Dataset excerpts

==*==

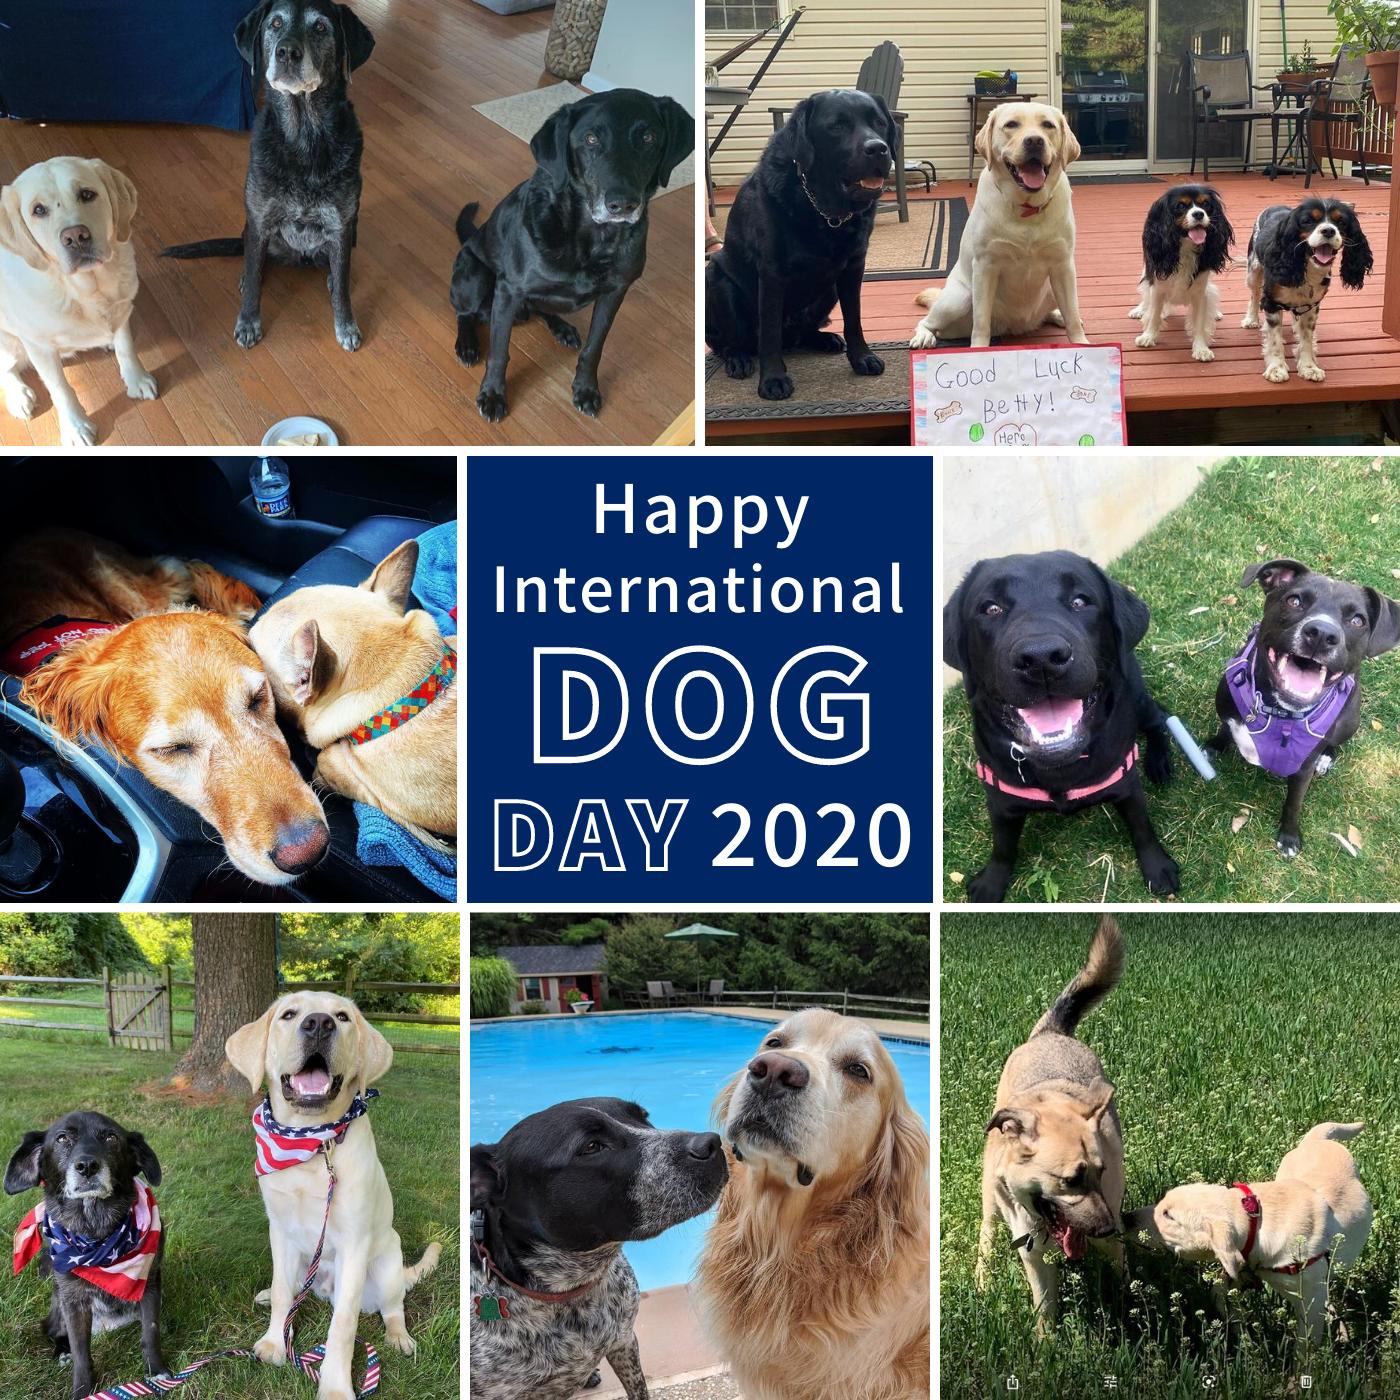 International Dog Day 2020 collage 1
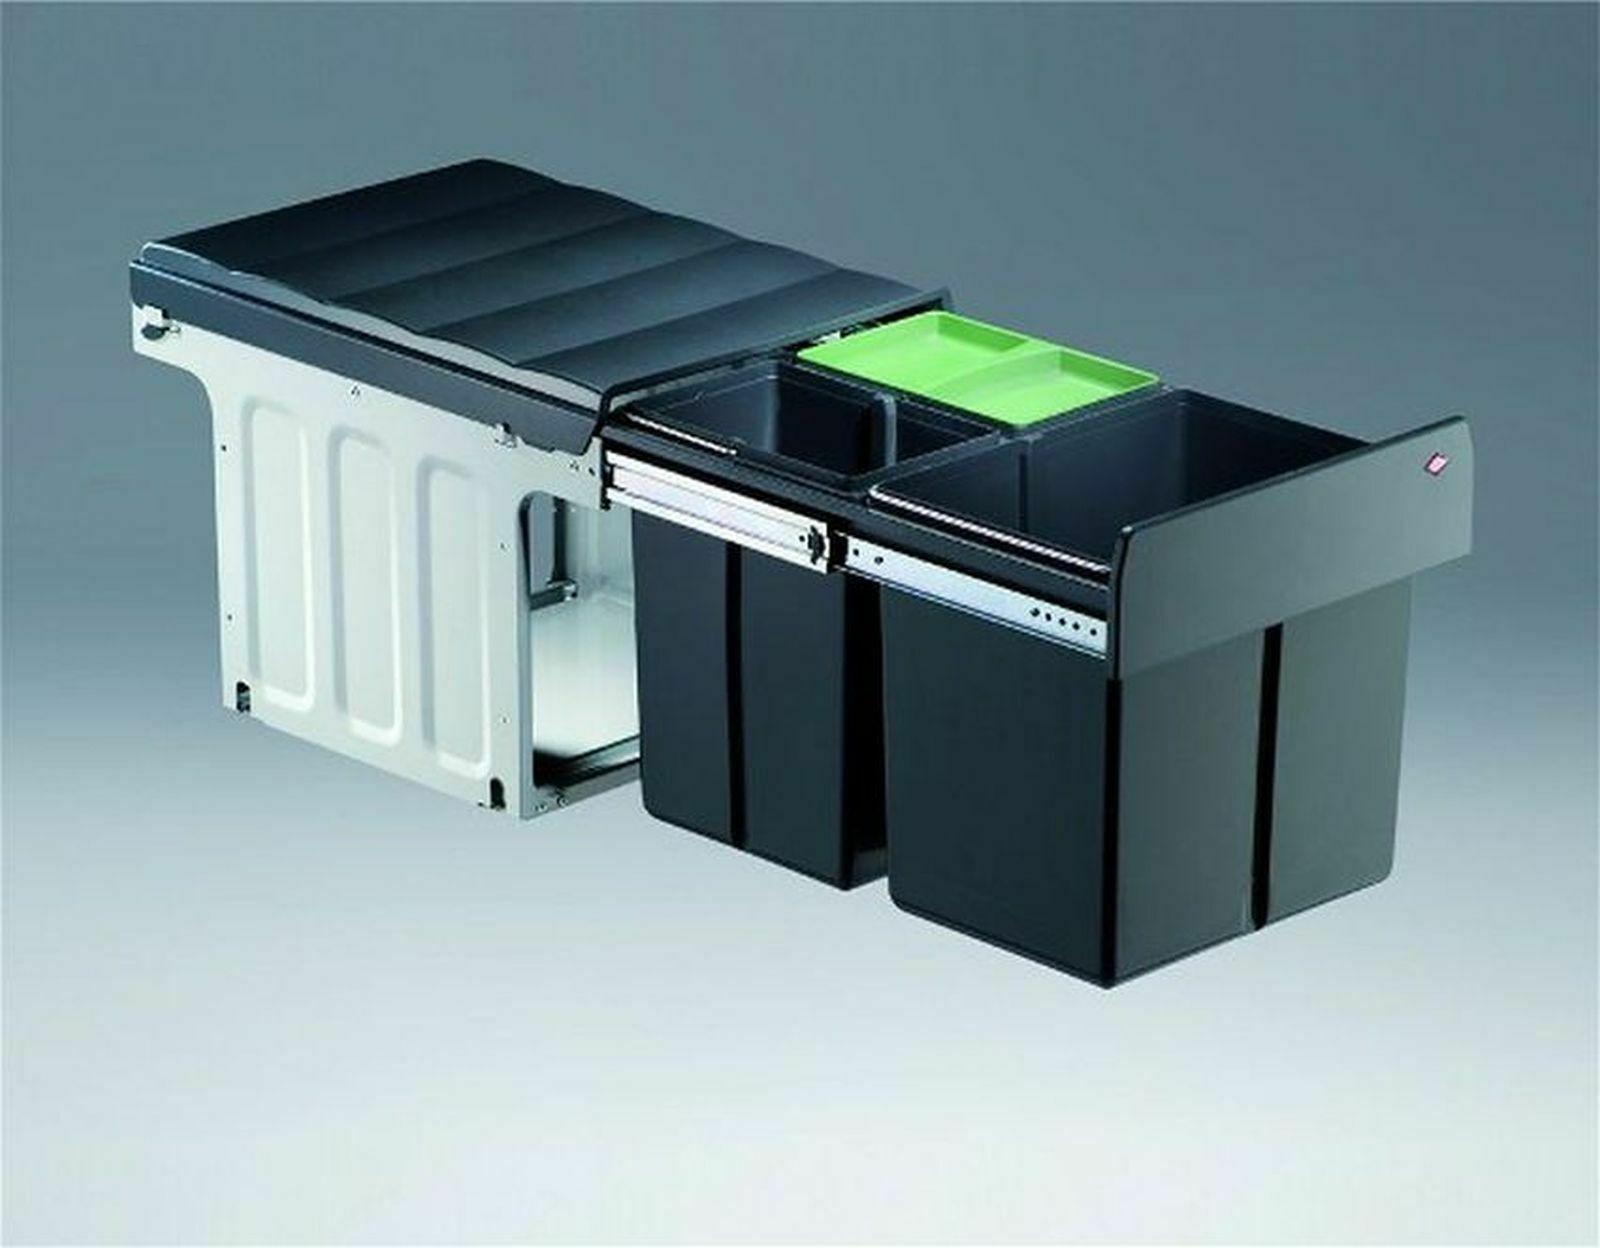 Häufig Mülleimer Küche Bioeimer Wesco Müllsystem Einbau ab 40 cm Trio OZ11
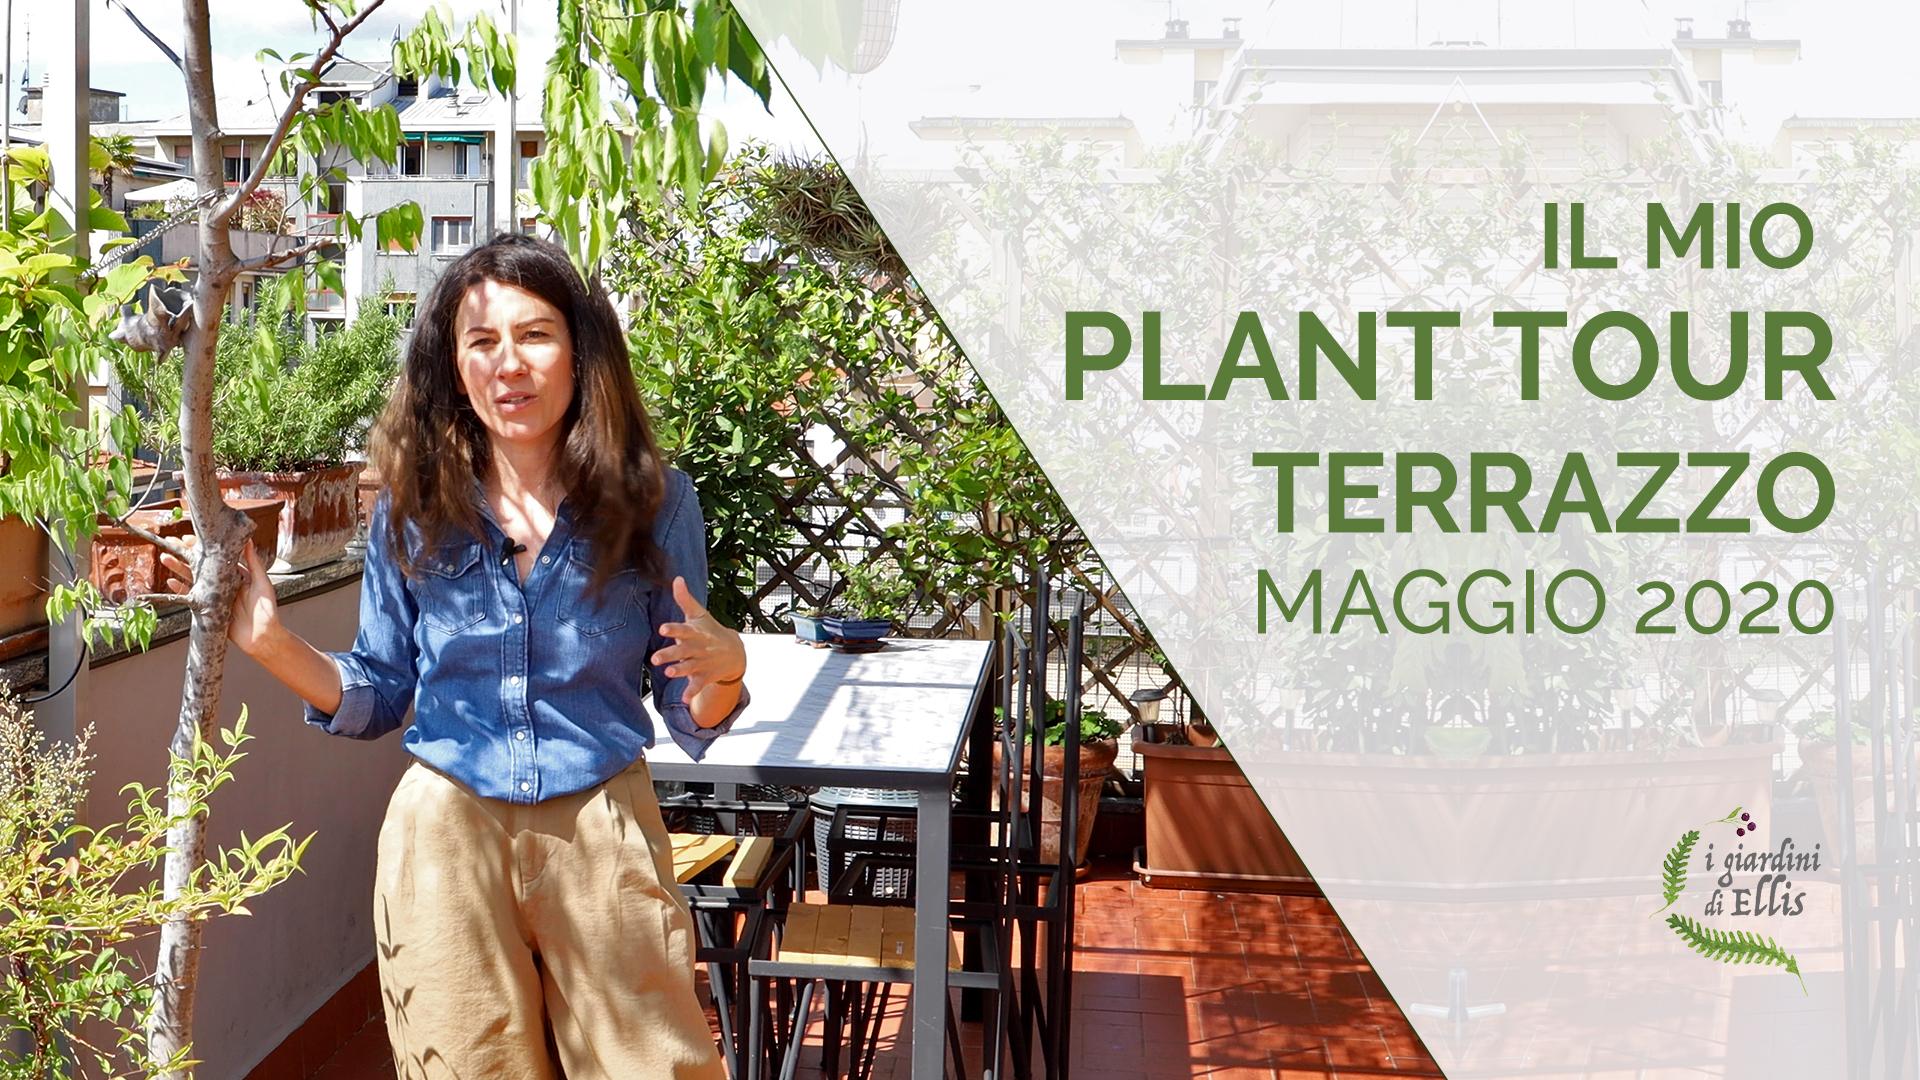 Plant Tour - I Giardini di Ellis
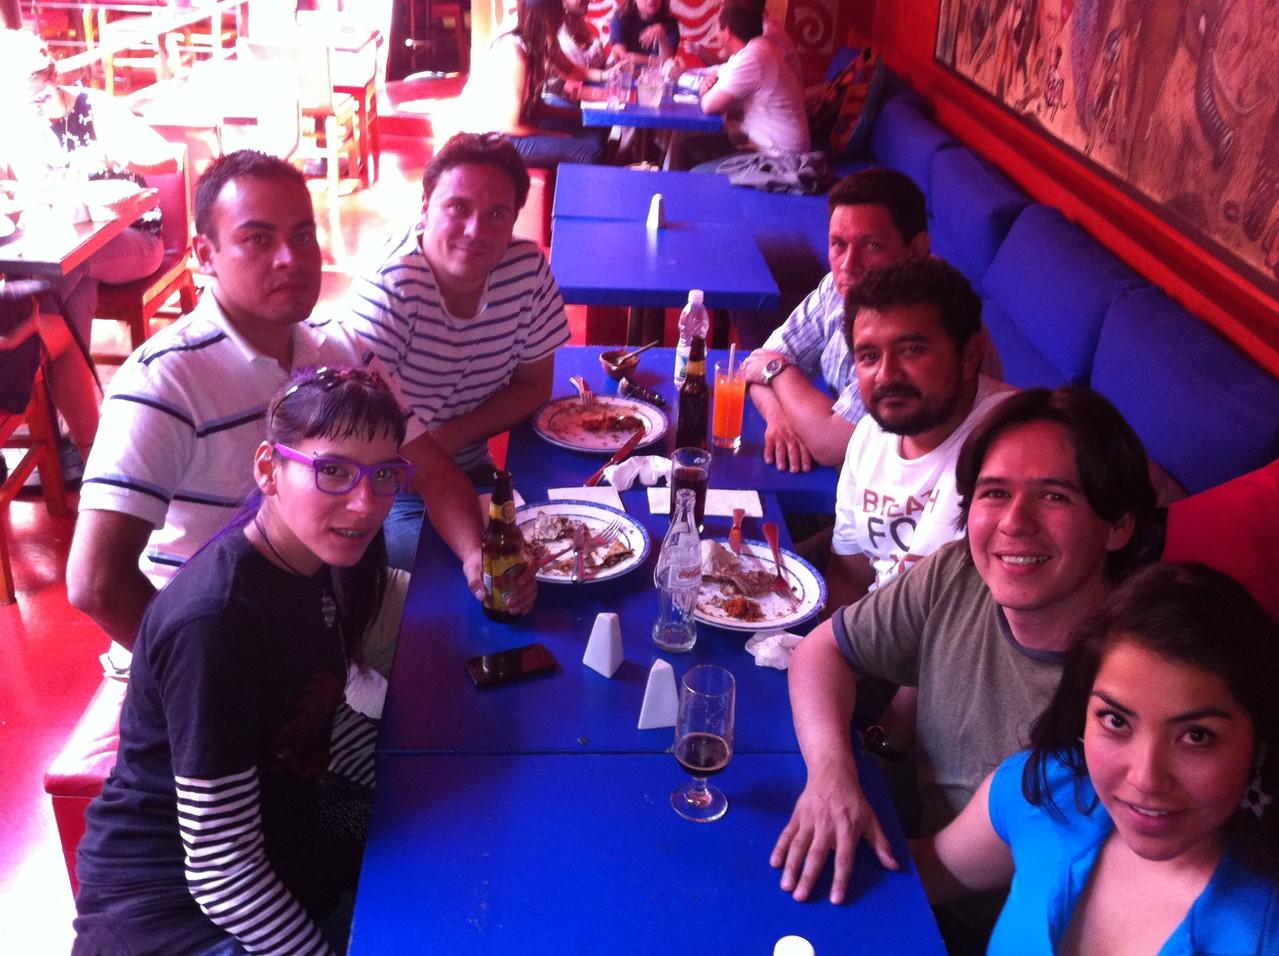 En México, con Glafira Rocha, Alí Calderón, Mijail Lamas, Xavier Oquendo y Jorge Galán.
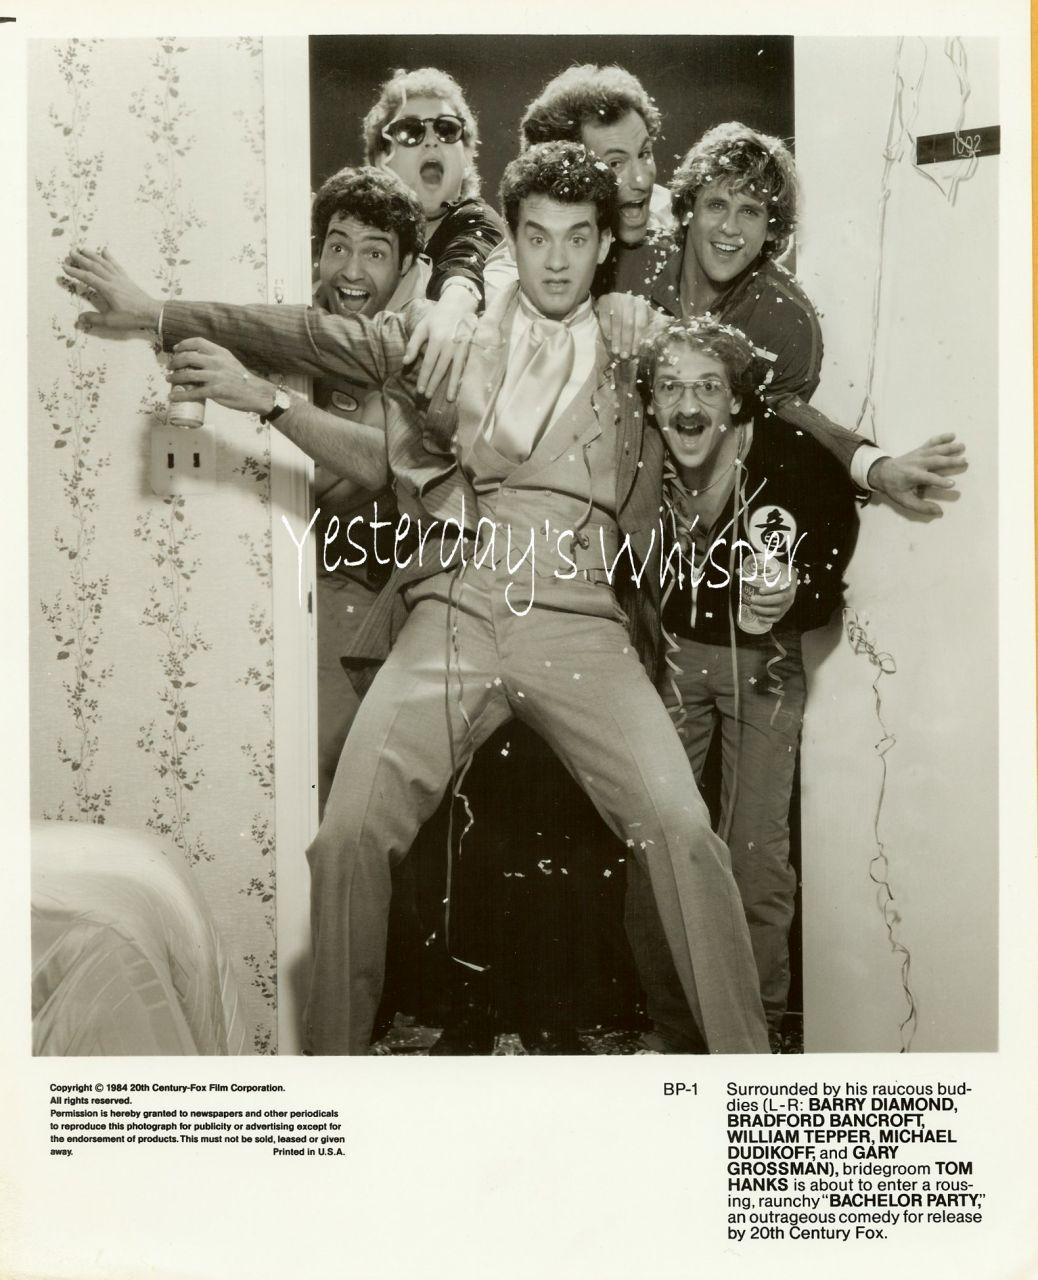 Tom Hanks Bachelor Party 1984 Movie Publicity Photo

==*==

Give back exactly the lines from the one with "Häufig Mülleimer Küche" through the end of the records above, inclusive, and omit any pictures.

 Häufig Mülleimer Küche Bioeimer Wesco Müllsystem Einbau ab 40 cm Trio OZ11
 Plant Tour - I Giardini di Ellis
 En México, con Glafira Rocha, Alí Calderón, Mijail Lamas, Xavier Oquendo y Jorge Galán.
 Tom Hanks Bachelor Party 1984 Movie Publicity Photo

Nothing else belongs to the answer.